In Shamanism there is a term they use, called ‘Soul Loss.’  It happens during traumatic events:  car accidents, the death of a loved one, even relocating to a new home or job, it could even be a particularly exuberant sneeze.  We loose pieces of ourselves as we go along.  Those pieces can manifest in many ways, but often there is a feeling of emptiness like there is something missing there.  It’s advised that you try to retrieve them.  I believe that’s behind the angrier ghosts out there.  Perhaps it is the piece of themselves they could not survive so they separate it and leave it behind.  We have been known to completely block out the memories that are too painful to remember, perhaps it is the lost parts of our soul that are too horrific bear.  Have you ever looked into the eyes of someone who seemed to have no soul?  I think soul loss plays it’s part there too.
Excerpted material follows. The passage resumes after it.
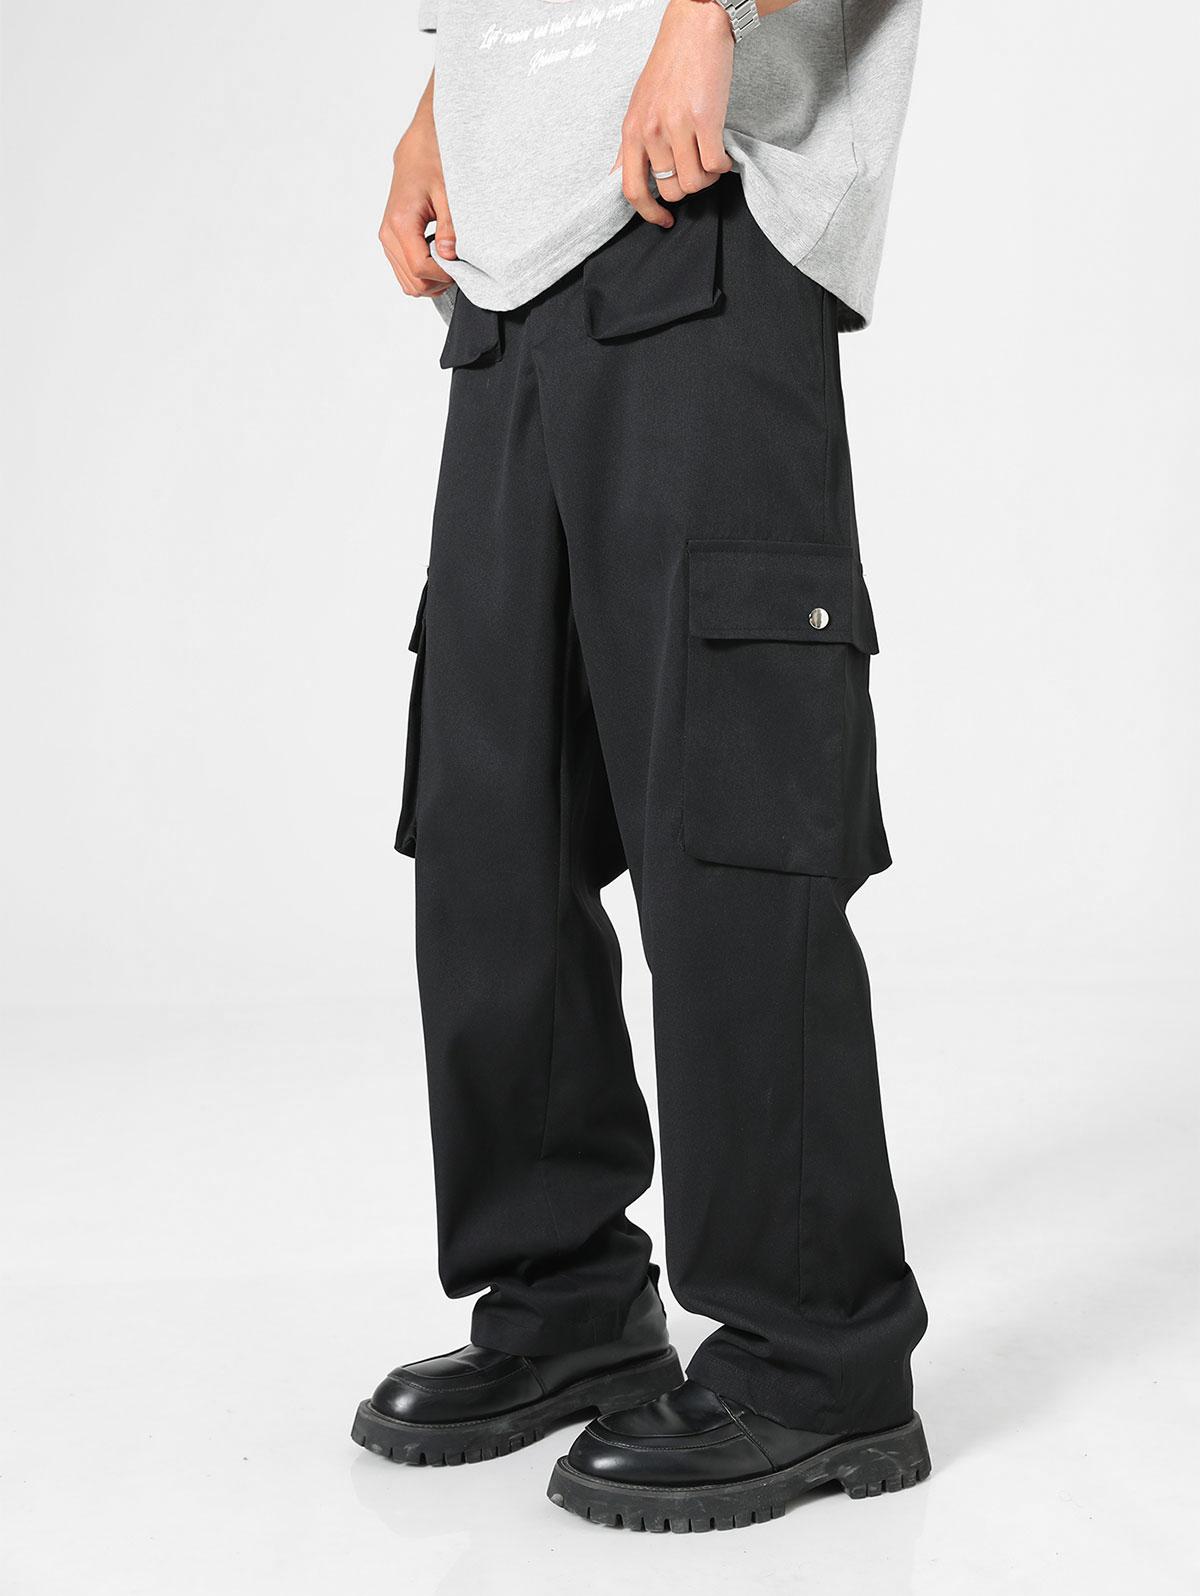 ZAFUL Men's Flap Pocket Design Cargo Pants L Black

In the end whatever the cause of the manifestation, in general, they are consumed by anger, fear, fury, that is all they know and all they will ever be.    You can combat them with strong happy memories of those you love, laughing at them.  Do the opposite of what the thing might expect and cover your ass with jewelry, symbols, even pictures of loved ones.  If you appear strong in the face of horror, it may show them a horror of their own.   It’s possible that if you laugh at them, that they could just become more angry and kill everyone, but as far as I know there is no evidence that anyone has ever been murdered by a ghost, unless it was freight and a heart attack.   I’m only speaking of the malevolent spirits here.  I know of many people that have been ‘visited’ by loved ones when they die, before they know they’re dead.  There can be protective spirits as well, the types of ghosts are many.

Let me be the first to admit that I can easily start drowning in fear once it rears it’s head, it’s not easy to combat.  Especially if it’s dark, you don’t know where you are or where anyone else is and creepy ass shit is going down.  So you can say things like, oh yeah, I got this, noooooo problem.  But when shit gets real and it looks like Casper is opening his mouth of razor sharp teeth right on your ass, well, even the GhostBusters had their rough days.  The fact is when you are in a dangerous situation, if you don’t keep your wits about you, no matter what is happening, you’re more likely to make a mistake that could cost you and others their lives.  So keep it together and be the hero, have your creepy experience and get the fuck out!